Extremely wide. Almost “anything can be printed,” including plastics, metals, glass, ceramics, wood, textiles, irregular surfaces, etc.

Printing Plate

High cost, complex plate making. Typically steel or copper cylinders made via electronic or laser engraving; good durability.

Low cost, simple plate making. Made from mesh (nylon, polyester, stainless steel) and photosensitive emulsion; suitable for short runs and varied production.

Print Effect

Fine dots, rich gradation, suitable for mass reproduction of continuous tone images.

Vibrant colors, strong opacity, three-dimensional ink layer, but not ideal for fine-line four-color process printing.

Main Application Areas

High-volume commercial printing: Food packaging bags, cigarette packaging, wallpaper, wood grain paper, magazines, etc.

Specialty printing: Electronic product panels (e.g., mobile phone keypads), T-shirt printing, glass bottles, billboards, printed circuit boards, etc.

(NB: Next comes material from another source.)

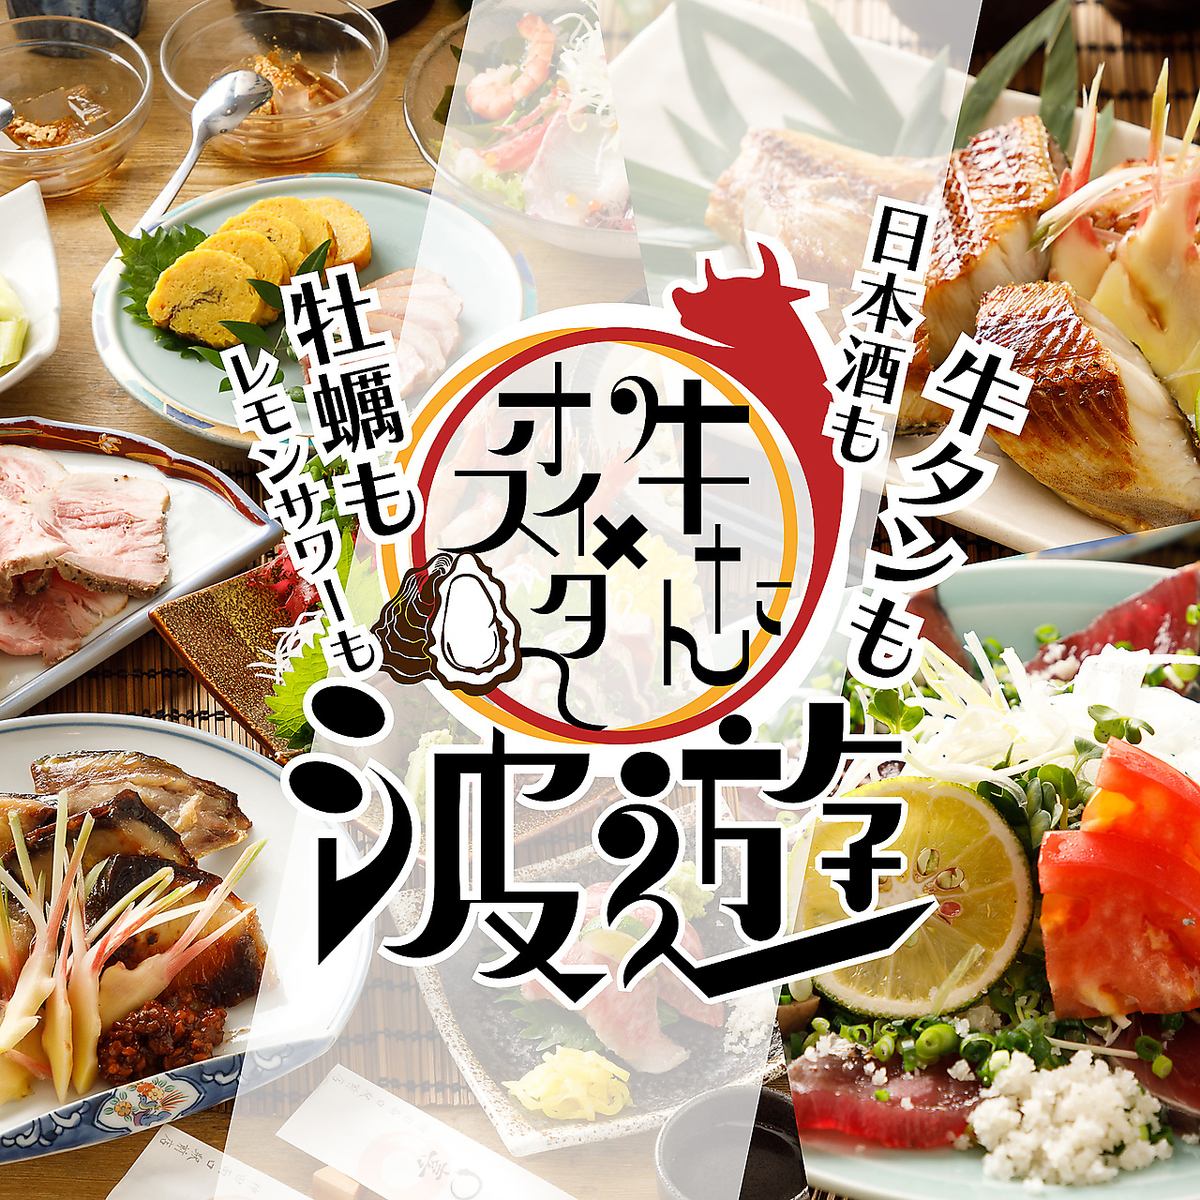 There is also an all-you-can-drink option! Please order your favorite dishes♪

II. Detailed Explanation and Analysis

1. Understanding the Fundamental Difference from the Printing Principle

Gravure printing is like “stamping”: The plate cylinder acts like a fine “stamp.” A precise amount of ink is held in the recessed cells and “stamped” onto the substrate under pressure. This requires the ink to have good flowability (low viscosity) to quickly fill and empty the cells.

Screen printing is like “stenciling”: The screen acts like a “stencil.” Ink is placed on top, and as the squeegee is drawn across, the ink is forced (“leaked”) through the open mesh areas. This requires the ink to be sufficiently thick (high viscosity); otherwise, it would flow through the mesh on its own, causing blurred patterns.

2. Visual and Tactile Differences from Ink Film Thickness

This is the most intuitive difference:Run your fingernail across a glossy plastic packaging bag (gravure printing); the surface feels smooth.

Run your fingernail across a pattern on a T-shirt (screen printing) or a logo on a mobile phone; you can clearly feel the raised, thick ink layer. This three-dimensional feel is a major characteristic of screen printing.

3. How to Choose? – The Application Scenario Decides Everything

When you need to print millions of identical food packaging bags at high speed, in large volume, and at low cost, gravure printing is the only choice. Its high efficiency and precision are unmatched by screen printing.

When you want to print a vibrant pattern on an irregularly shaped water cup, a cotton T-shirt, or a thick metal plate, screen printing is the ideal choice. Its adaptability and excellent opacity cannot be achieved by gravure printing.

III. Summary

Characteristic

Gravure Ink

Screen Printing Ink

Core Image

Fine, high-speed, large volume

Versatile, thick, three-dimensional

Key Memory Points

Low viscosity, thin ink layer, fast drying, high-speed rotary printing

High viscosity, thick ink layer, diverse drying methods, squeegee-applied through mesh

The key to understanding their differences lies in understanding the underlying printing principles. These two technologies have no inherent superiority or inferiority; they simply play irreplaceable roles in different application fields.